▶ Problem statement
The reply should repeat all of the data word for word, with no pictures.

▶ Collected data

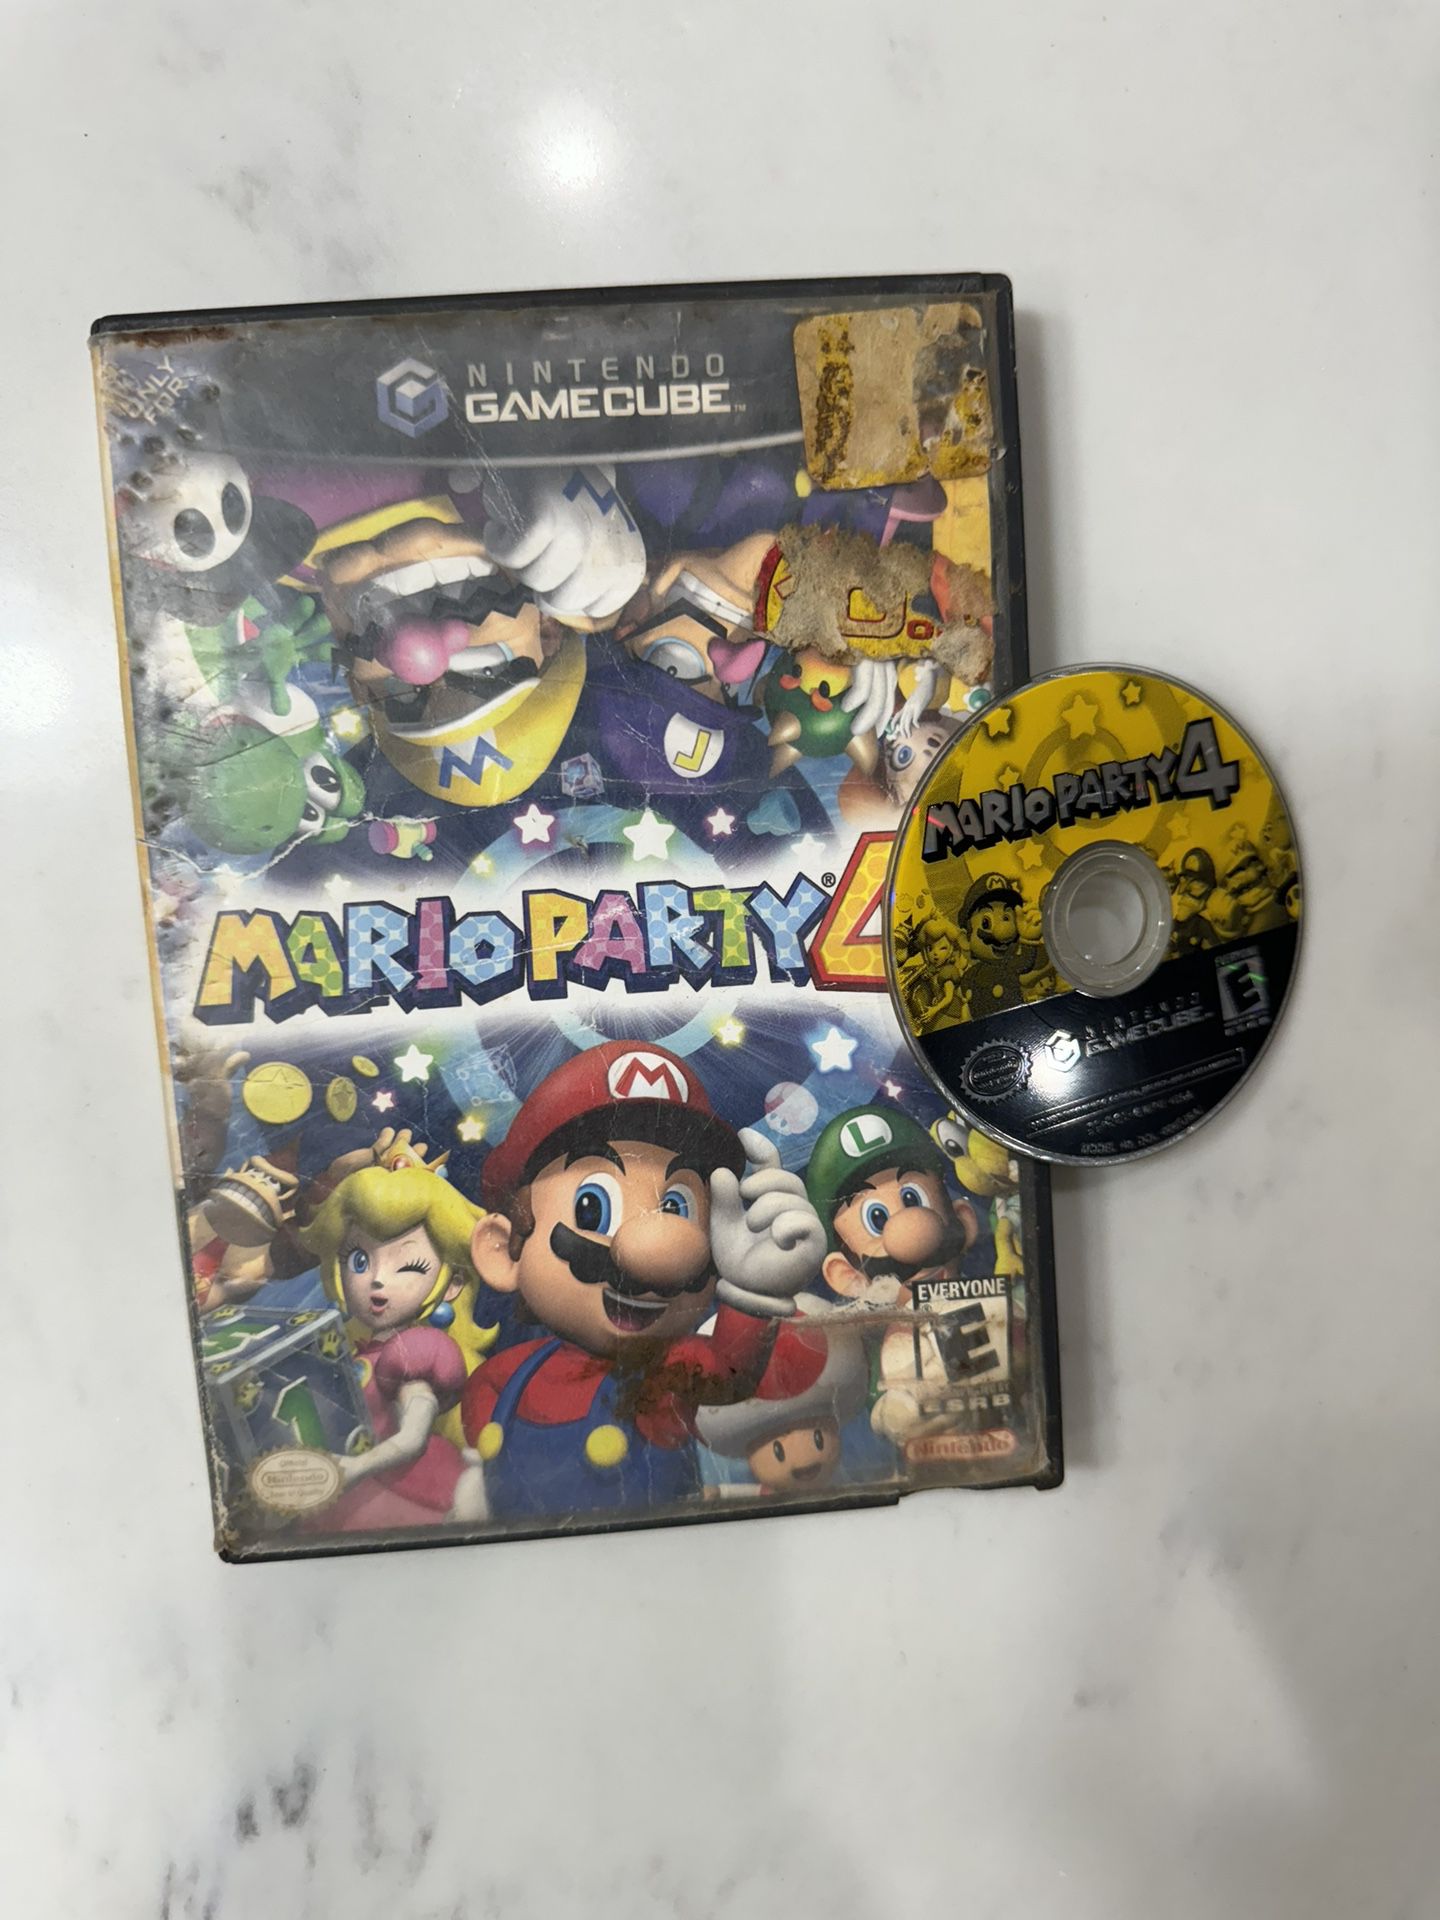 Mario Party 4 Scratch-Less for Nintendo GameCube
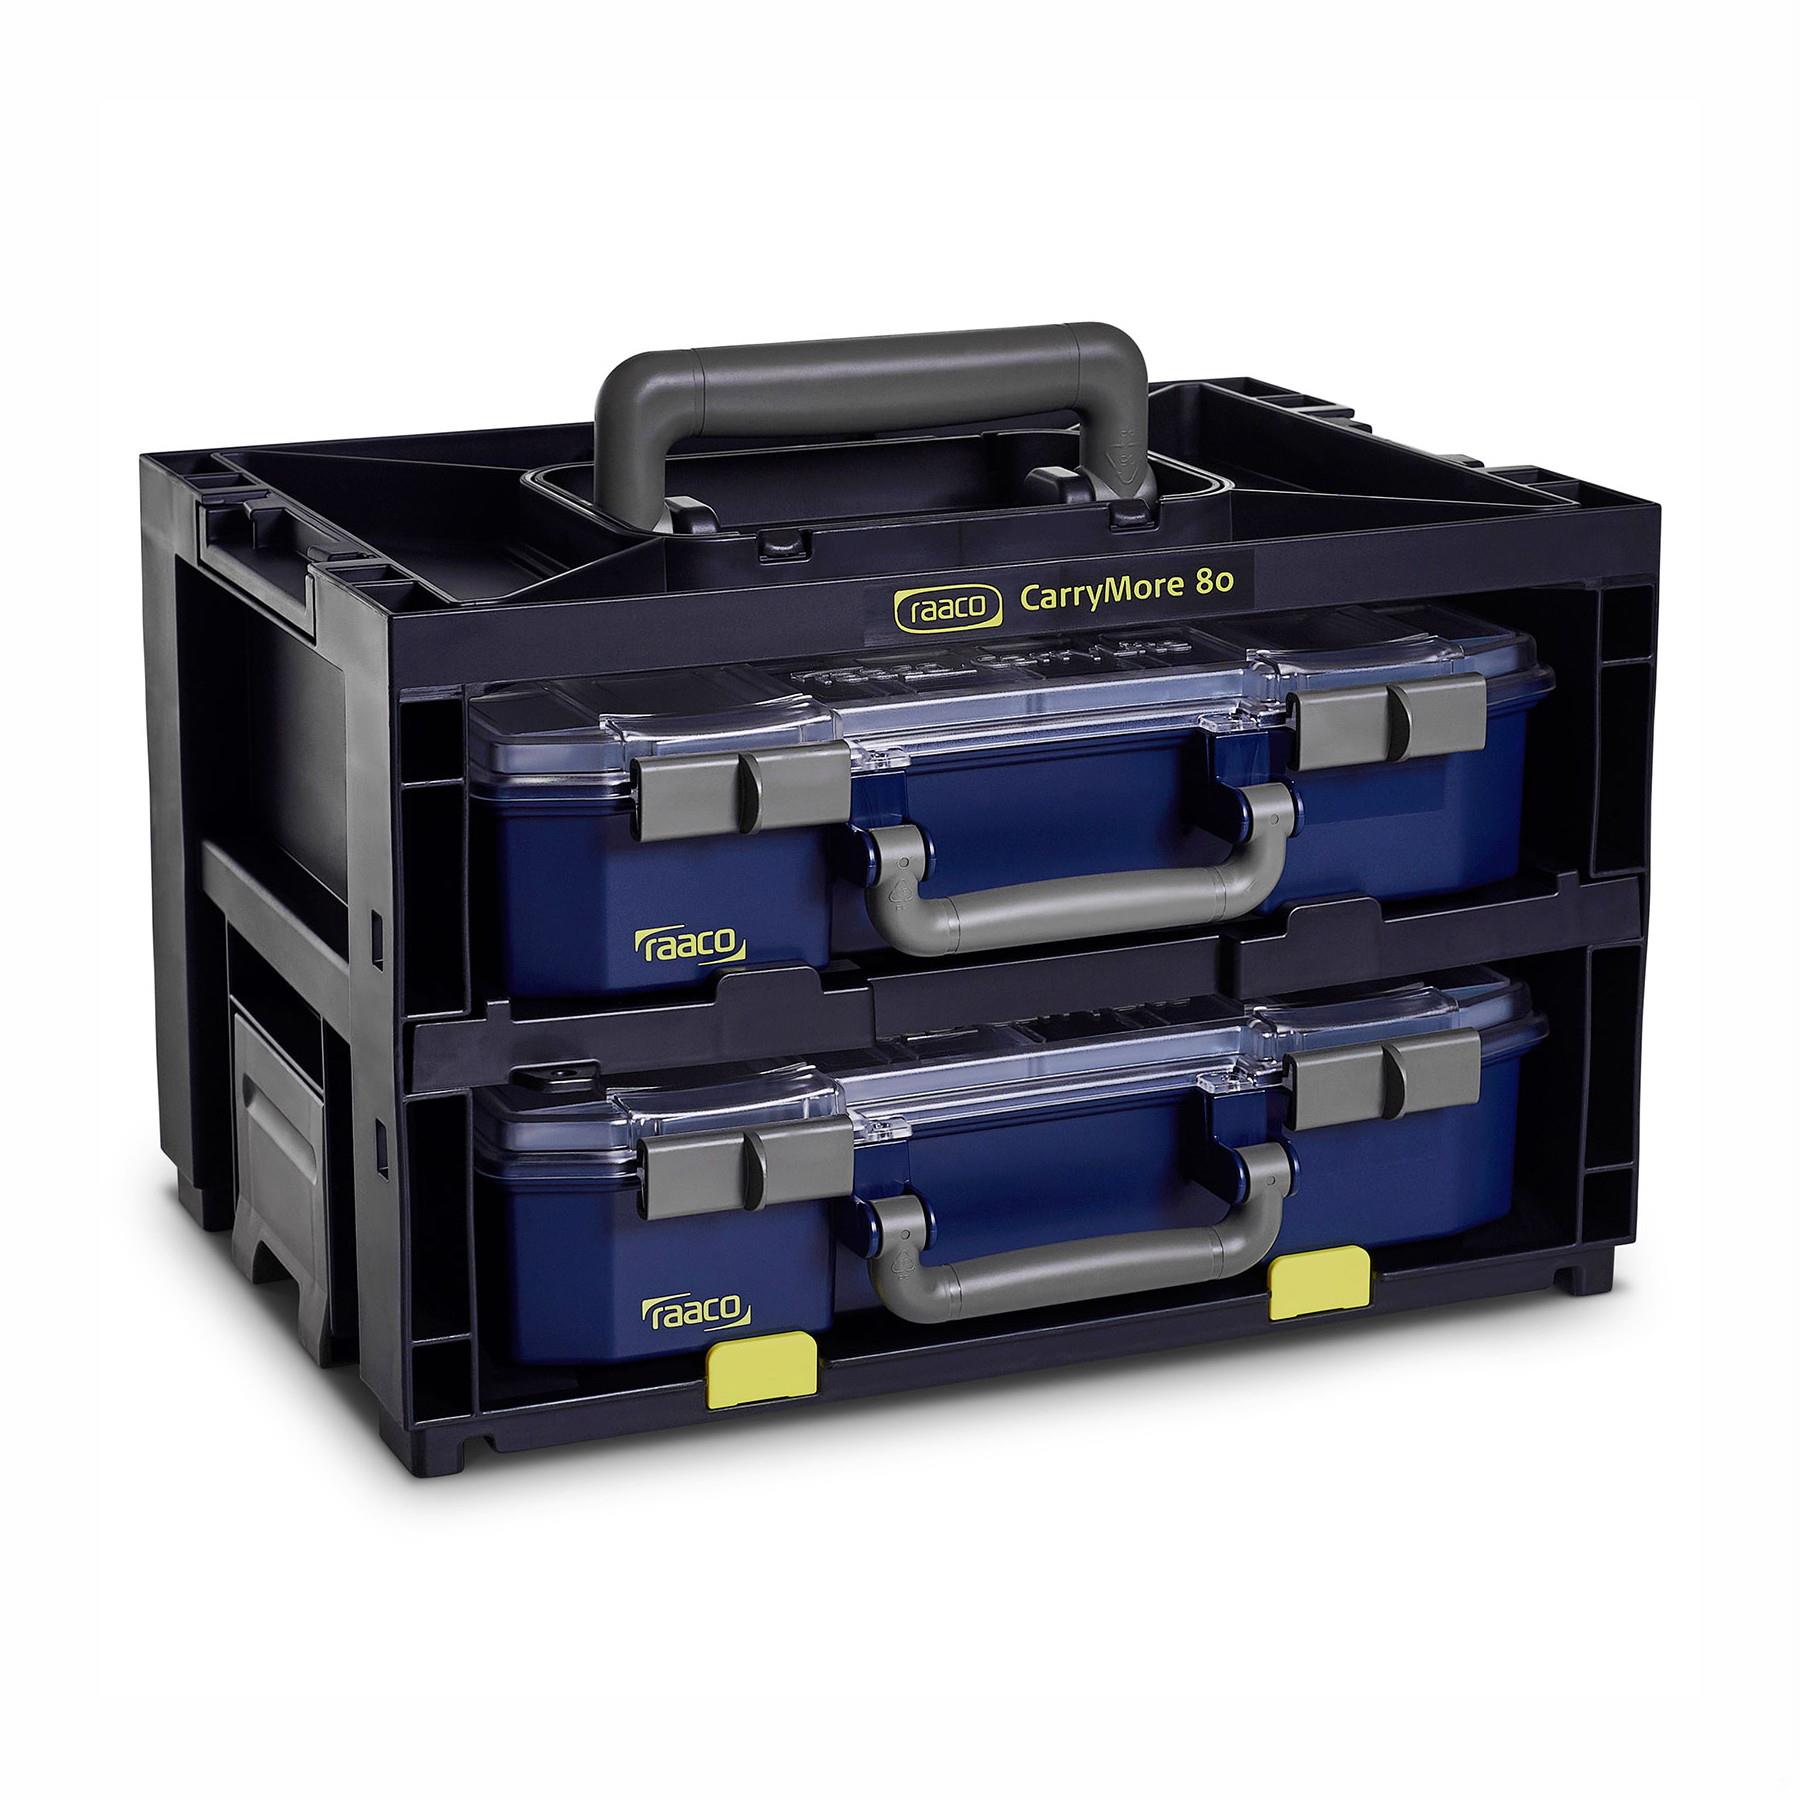 Raaco CarryMore 80 x 2 Storage System
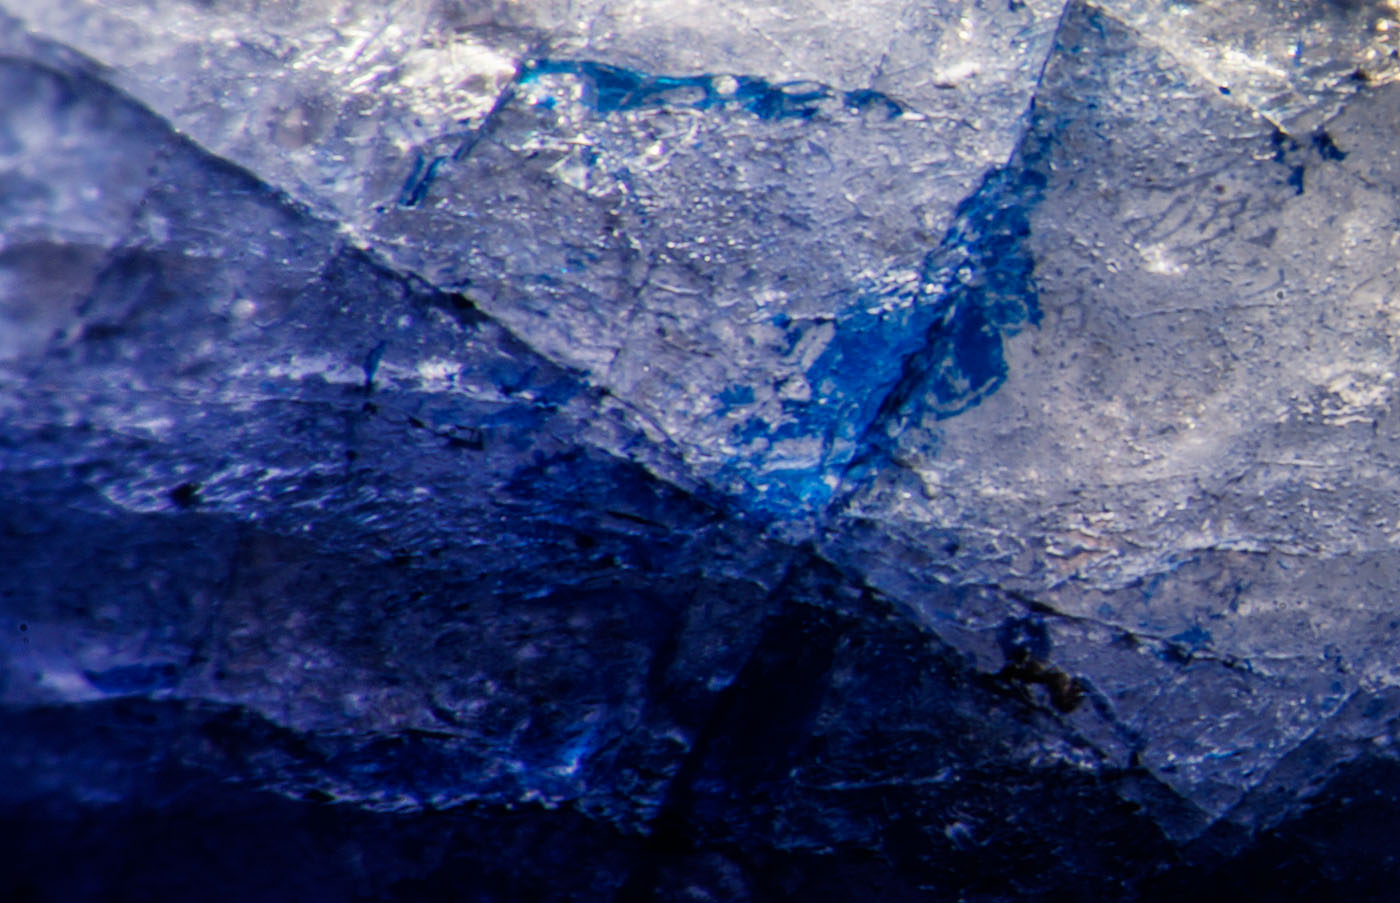 Figure 6. Blue cobalt-doped glass fills a surface-reaching fissure in this first-generation stone. Oblique fiber-optic illumination. Photo: Wimon Manorotkul
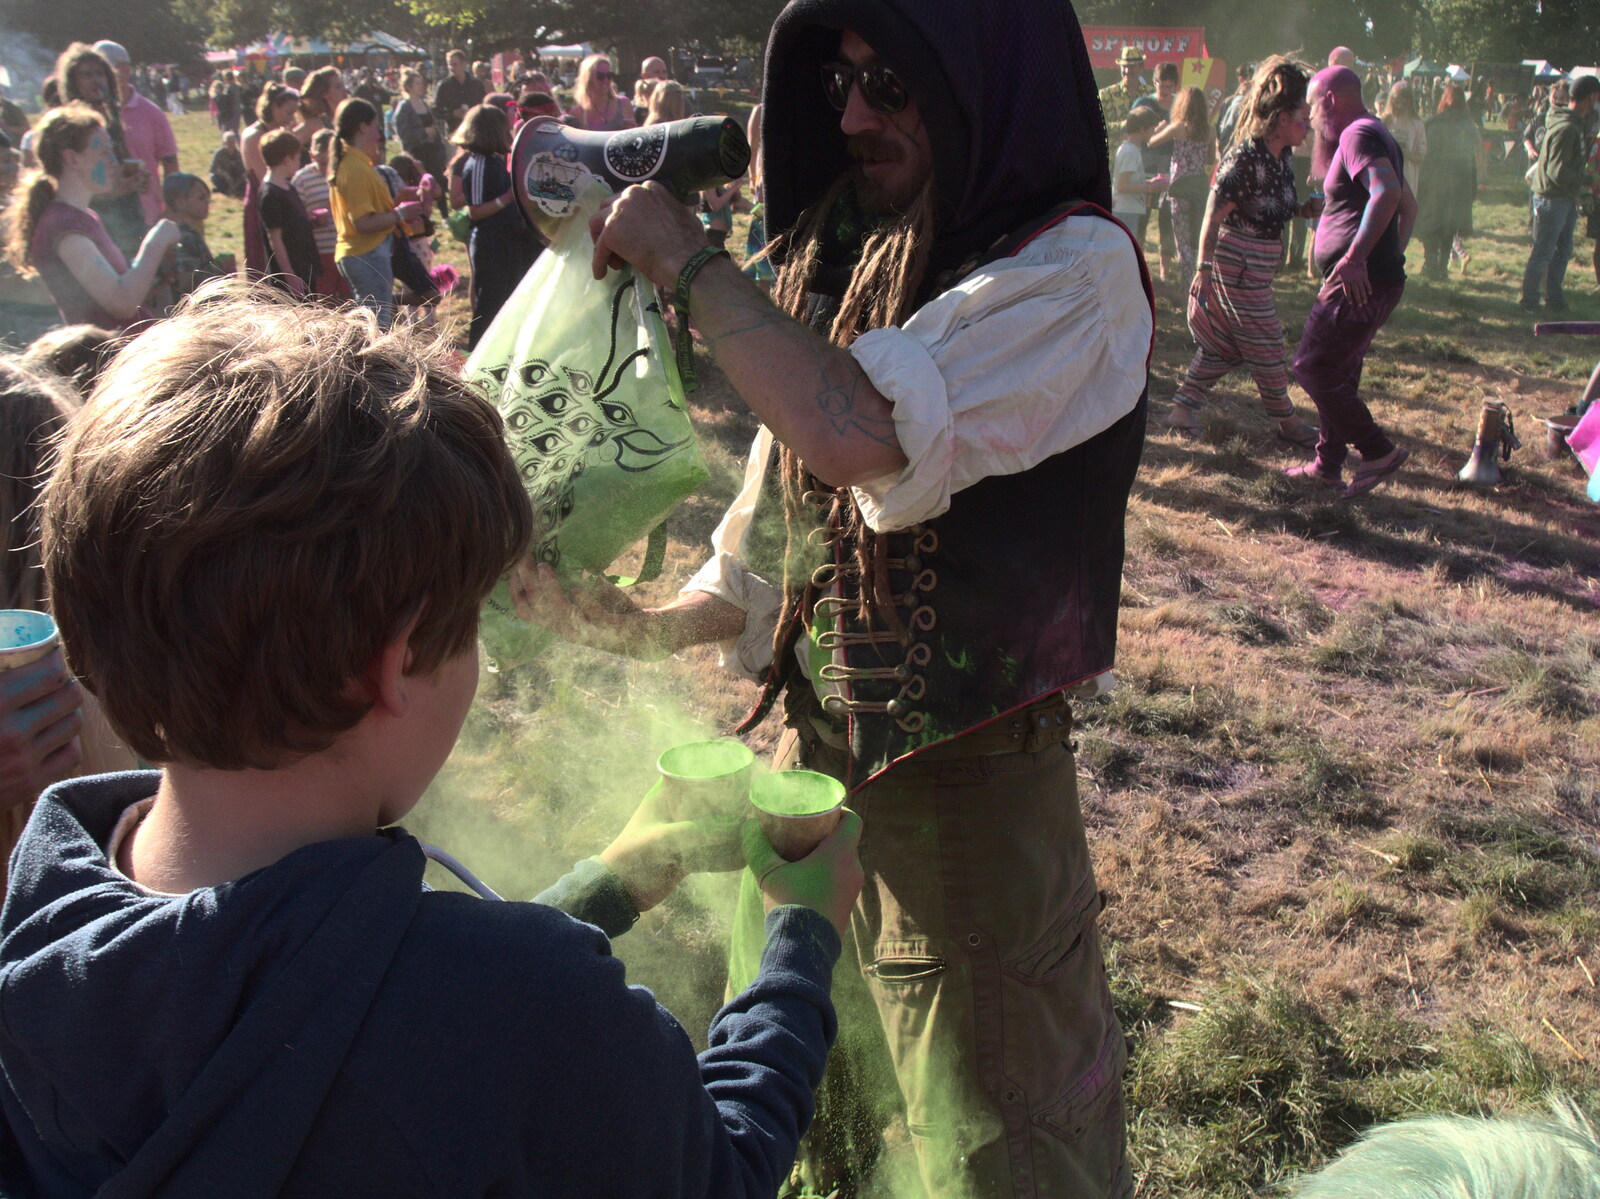 Fred gets some green paint from Maui Waui Festival, Hill Farm, Gressenhall, Norfolk - 28th August 2021

▶ Final answer
 Mario Party 4 Scratch-Less for Nintendo GameCube
 Raaco CarryMore 80 x 2 Storage System
 Figure 6. Blue cobalt-doped glass fills a surface-reaching fissure in this first-generation stone. Oblique fiber-optic illumination. Photo: Wimon Manorotkul
 Fred gets some green paint from Maui Waui Festival, Hill Farm, Gressenhall, Norfolk - 28th August 2021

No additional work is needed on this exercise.